Update

From Naughty to Righteous: An Islamic Strategy for Educating Children with Love and Worship

By Dr. Abdul Wadud Nafis, Lc., MEI

Every child is born like a clean white sheet, and it is the parents who shape its colors. When a child exhibits “naughty” behavior, they are actually asking for guidance—not punishment. This is where the role of parents becomes crucial—not merely to correct, but to shape the soul. Religious education, habitual worship, and the instilling of noble character are the three main pillars that can transform mischief into righteousness and instability into strength of character. Through love, prayer, and good example, even the most rebellious child can grow into a gentle, obedient, and morally upright individual.

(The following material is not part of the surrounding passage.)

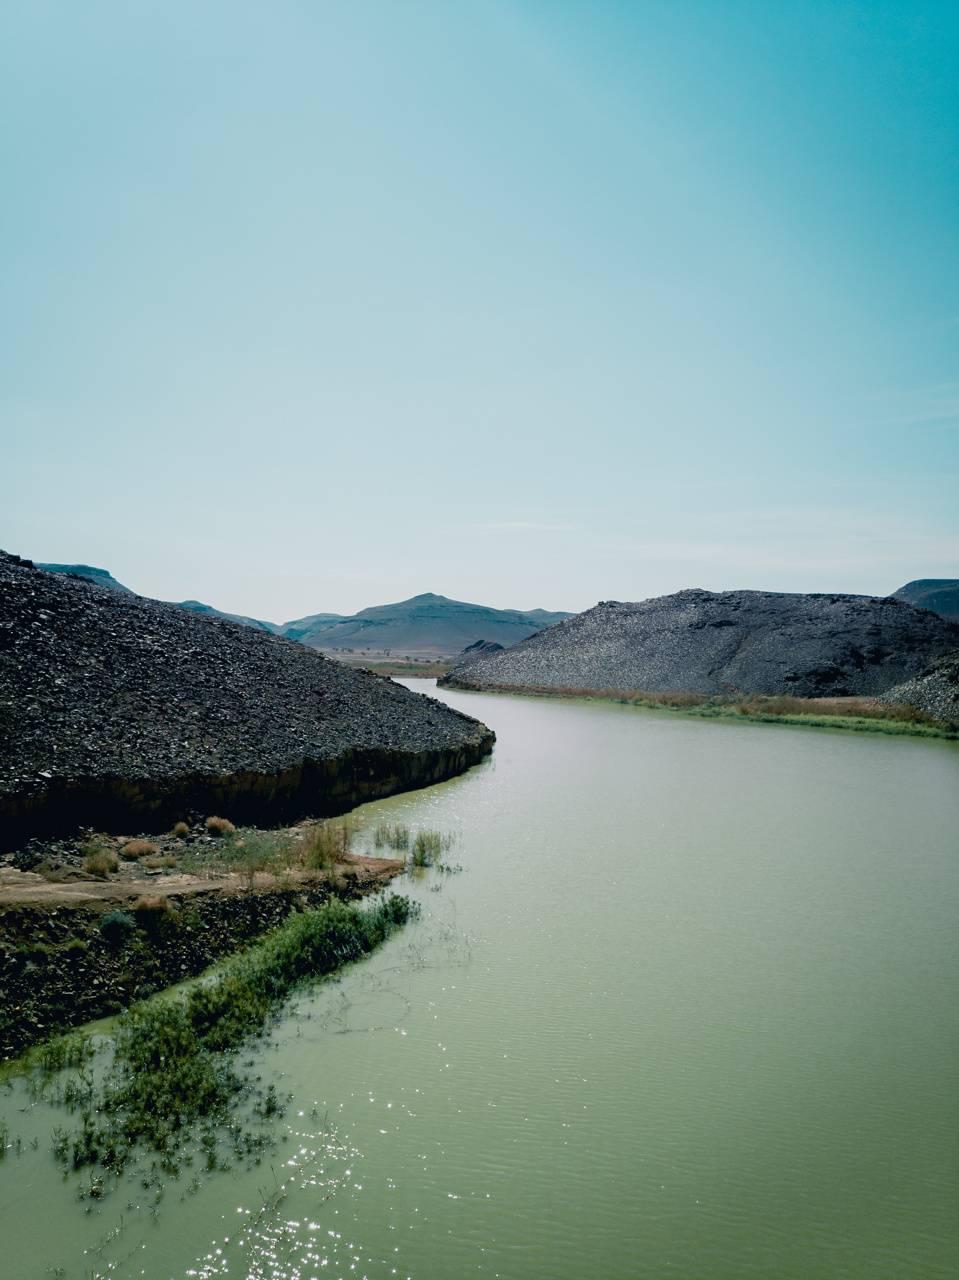 Wadi Alweshka

The following is a comprehensive explanation of strategies for educating a mischievous child, integrated with religious education, regular worship, and the development of akhlaqul karimah (noble character):

1. Understand the Causes of Misbehavior

Before educating, first understand the root of a child’s misbehavior. It may stem from environmental factors, lack of attention, a desire to assert their presence, or imitating negative adult behavior. In Islam, a child is an amanah (trust), and it is the parents’ duty to discover and fulfill their inner needs.

2. Build Loving Communication

Teach children to speak politely and openly. Listen to them without judgment. In Islamic teachings, the Prophet Muhammad (peace be upon him) interacted gently with children—even when they made mistakes.

3. Instill Religious Values Early On

Religion is the foundation of morality. A child who understands religious values will develop an inner moral compass.

Teach tawheed (monotheism) and love for Allah and His Messenger.

Gently introduce the concepts of halal-haram, reward and sin.

Involve children in simple religious discussions, like “Why do we pray?” or “What does it mean to be honest?”

4. Establish Daily Worship Habits

Worship builds discipline, calms the soul, and brings children closer to Allah.

Invite them to pray in congregation, especially at dawn (Subh) and sunset (Maghrib).

Guide them in reciting daily prayers and reading the Qur’an.

Foster a love of worship—not out of fear, but out of love for Allah.

5. Shape Noble Character Through Example

Character is a reflection of faith. Children learn from what they see. Therefore:

Model good character traits such as patience, honesty, humility, and helpfulness.

Use stories of the Prophet Muhammad (peace be upon him) as role models: how he treated children, elders, and those who disagreed with him.

6. Apply Discipline with Consistency and Compassion

Discipline does not mean harshness. In Islam, educating is an act filled with mercy.

Create clear rules and constructive consequences—not punitive ones.

Teach that good deeds earn reward and bad ones have consequences.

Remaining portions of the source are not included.